Paper…it is a universe within itself… As handlers of paper we respond to how it feels, looks and responds to our touch, to its weight, by how it moves and how it sounds when it moves, how it bends, and how it can flap about when you animate it, or how serene and beautiful it may look when it hangs from a wall or falls from a book… This list can go on and on. Besides the amazing things that artists can do and say with this fine medium for expression, paper can say a whole lot without having anything said on it.
These are elements I was exploring when I developed the following three book works which were created specifically for a Canadian group exhibition that showed in 2011 called “Bound by Nature, An exhibition inspired by nature, landscape and books,” curated by Canadian artist Deborah Danelley.
With “Memoir, a book of sand” I was interested in exploring texture and containment, light and shadow, and the metaphor of moving through time with the eye travelling across the length of an image, a book. Taking the memory that time places on us and containing it in this form felt like a natural thing to do…


Poem text:
memory…
a mark in time…
this is the mark
time places on us
it is a memory
embedded
in the sand


The next set of books “Night & Day I” and “Night & Day II” is an example of how papers can speak for themselves…

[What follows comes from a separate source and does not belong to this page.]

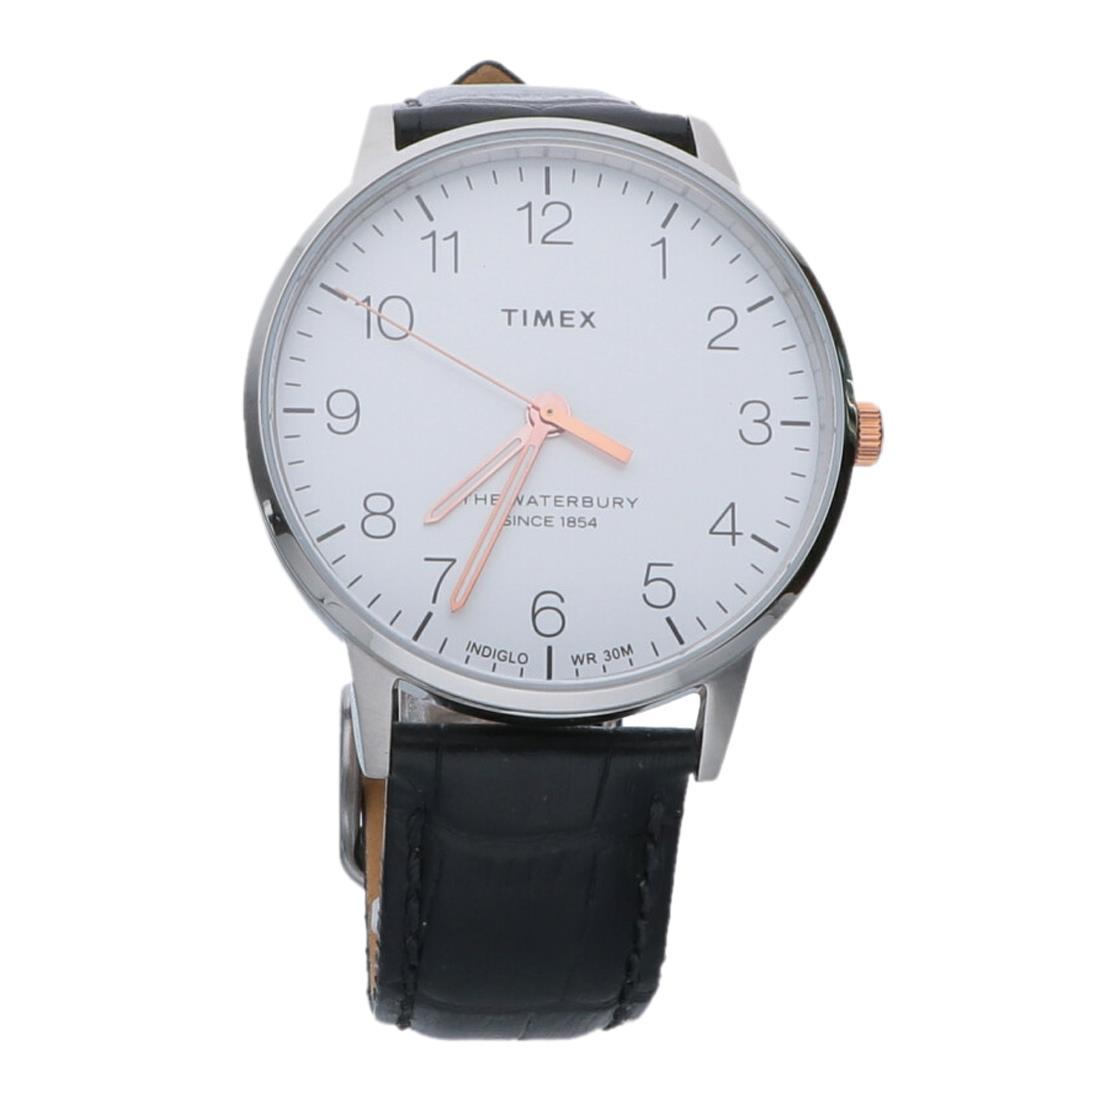 Orologio cassa 40 mm - TIMEX

“Dream Sequence I, L’enchantement de la femme noire”
In this work I was exploring size and the concept of the “unfolding” element of a narrative. I also wanted to feel physically engaged in the handling experience of reading a book with such wide pages…you have to use your whole arm to turn the pages, and I found this very engaging as a reader.


Building a visual narrative is like building a poem. Thematic elements and motifs occur and recur throughout the piece, building up rhythm and harmony. I wanted to retain such a feel with the method of printing and gilding, and so devised a way to apply the gold in the work in the manner of the pochoir method of the forest and dame noire.